Of Water-Nymphs

Sarah Darkmagic - Posted on 05 February 2012

The Head of a Nymph by Sophie Anderson (from Wikipedia)The Head of a Nymph by Sophie Anderson (from Wikipedia)Like many things, my feelings about water-nymphs are a bit complicated. Part of me absolutely adores them. I can't tell you the number of times as a child that I wished I could be a water spirit, free to play in the water all day and night, splashing and roughhousing and exploring the depths of a world that most would never see. As I grew older, their lack of modesty appealed to me. They didn't have to segregate their lives into the sexual and the non-sexual, their sexuality was part of who they were.

Nymphs inspired creativity. They gave life to the wild and the civil alike. They healed. They pulled pranks. They warned heroes of danger. Sometimes, they found their own danger. They danced and sang. They attended the assembly of the gods on Mount Olympus. They were creatures of their own will, outside the the bounds of civilization and etiquette. In these ways, they were women as women were meant to be.

The problem, to me, came in with others, the people who would define them by their sexuality, forgetting about the rest of their nature. The life-giving, nurturing spirits became examples of everything the proper woman shouldn't be. We emphasized their ability to dazzle those attracted to them to the almost complete exclusion of everything else. They became mere playthings instead of givers of life. Their sexuality inspired fear, lest it trap the unsuspecting and soil the otherwise spotless hero. In short, they became yet another expression of womanhood, of femininity, that had to be categorized and avoided at all costs.

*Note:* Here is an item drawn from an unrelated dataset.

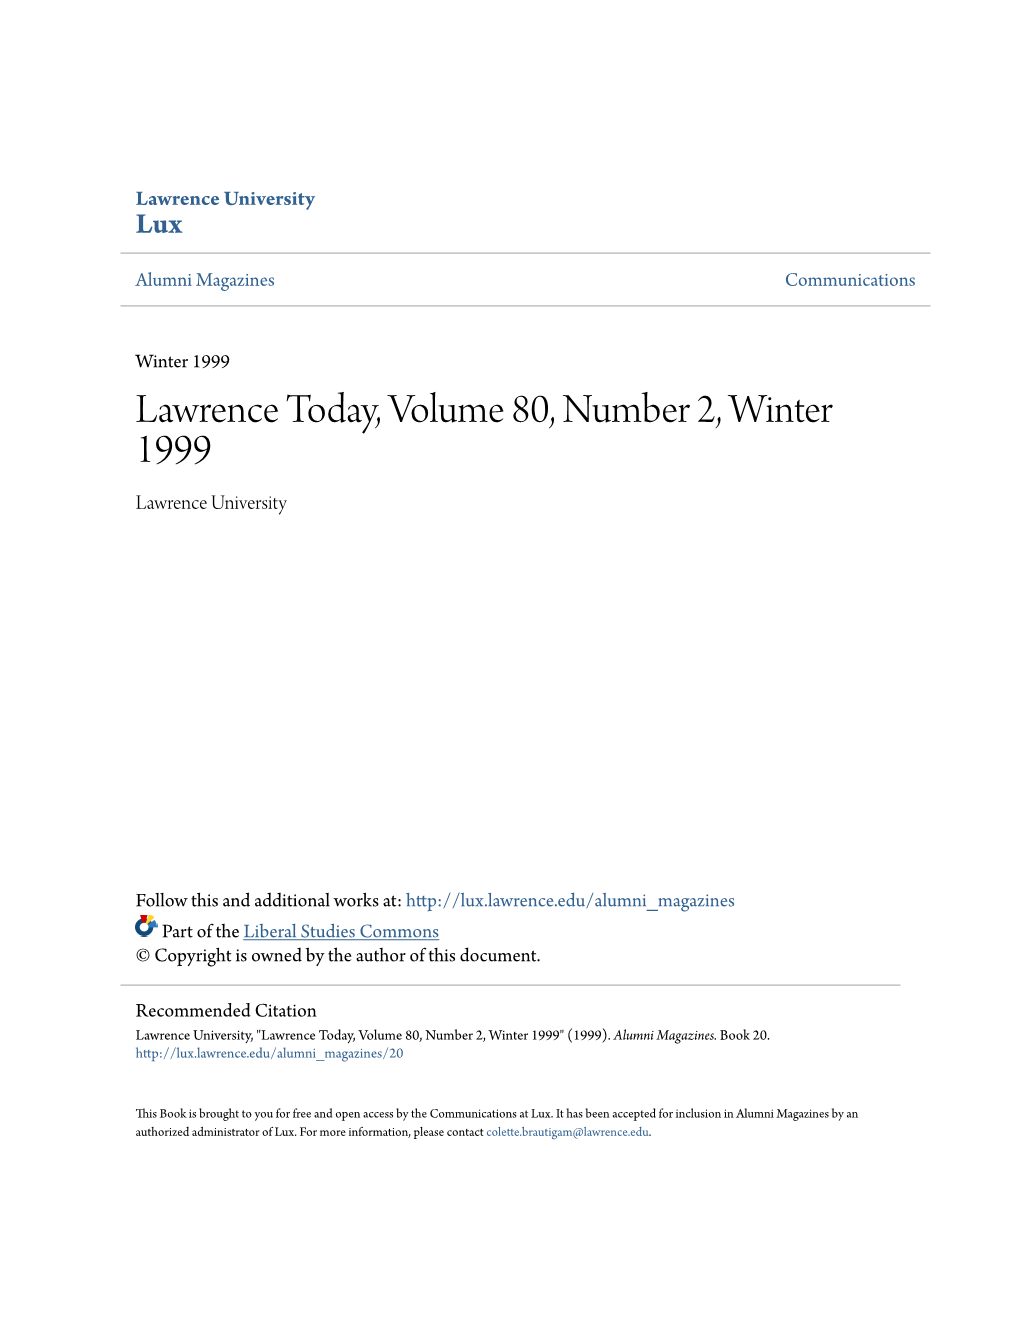 Lawrence Today, Volume 80, Number 2, Winter 1999 Lawrence University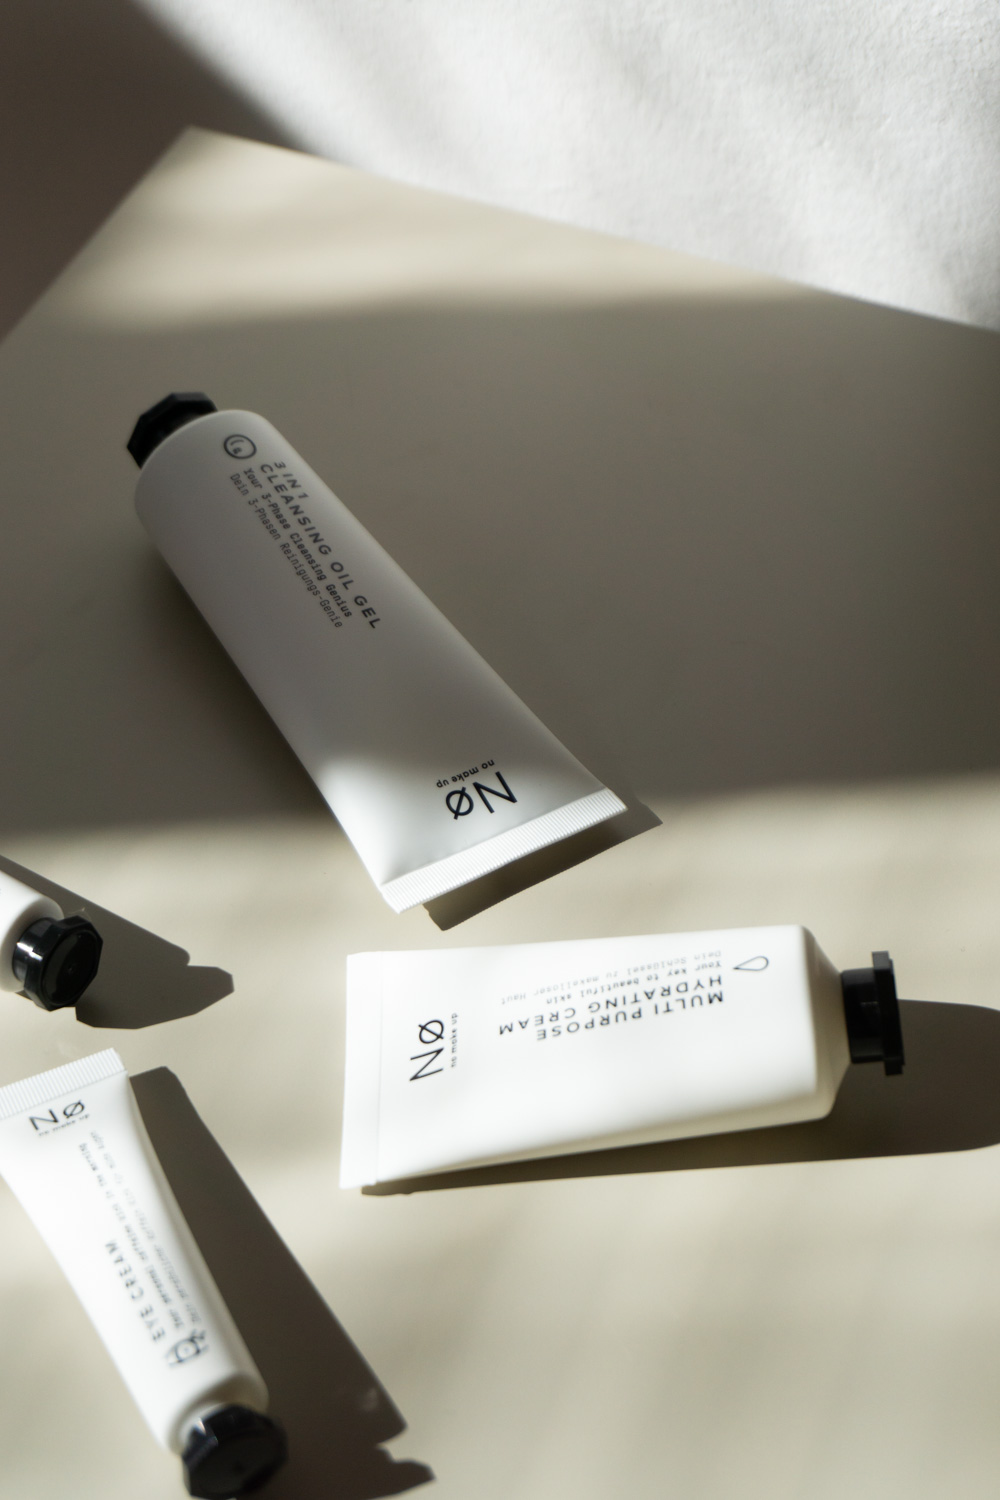 No Cosmetics - Minimalist Skincare, Simple Everyday Beauty | Product Photography, Packaging Design, Shadow Play, Lighting, Vegan Cosmetics | RG Daily Blog

Here's how I would love to use water-nymphs in my game, working within the existing legends about them while, I hope, providing them greater depth and utility in games.

Water-Nymphs Lore

Water-nymphs reside in ponds, streams, wells and other collections of fresh water. Each nymph has a home body of water and her connection to that water is so strong that some say if the water dries up, she will die. They are known to be whimsical, beholden to no law or man. They love to play, often basking in the sun or daring each other to aquatic tricks. The water spirits are experts at not being seen although the splashes that result from their quick dives beneath the surface are frequently heard.

The various races differ in their views towards water-nymphs. In some areas, the local populations worship them as water spirits that they believe are the result of dalliances between the fey river spirits and humanoid women. Often, these groups view nymphs as great healers and providers of information. Other areas, especially the more civilized areas, fear them, afraid that their wild ways will entice away their young. In these areas, the people tend to believe that nymphs are not the daughters of the river gods but are instead either young women who ran away from home or the result of unions between seduced young men and the nubile nymphs.

Legends tell of the healing power of water-nymphs, claiming they can infuse small amounts of water with healing energy. However, they must feel moved to do so and cannot be compelled. Water-nymphs often lose this ability in the presence of an evil act (attempting to compel is an evil act) or an evil creature. Some believe the water spirits can sense a person's suffering either by being near him or a personal item, although it is harder for them to sense through the item. When a person seeks healing, family and friends may transport the afflicted to the water's edge and if that's not possible, brings a personal item instead. If a nymph feels moved to help ease the suffering, she will appear and bless water with the ability to heal the afflicted. Rarely, a person is so full of good that a group of nymphs will appear and their cumulative blessing is enough to bring a person back from death if he hasn't been dead more than a day.

(from Wikipedia)(from Wikipedia)Beyond their healing abilities, nymphs are rumored to be great sources of information. Every child knows that voices carry much further and louder across water. As a result, anything murmured near a water's edge is likely to find the ear of a water-nymph. In addition, the various streams, rivers, brooks, ponds, lakes, and other bodies of water create a giant network across the land and nymphs frequently travel to visit one another, trading information as they go. They also can speak with animals, frequently gathering information from the creatures who quench their thirst at a watering hole.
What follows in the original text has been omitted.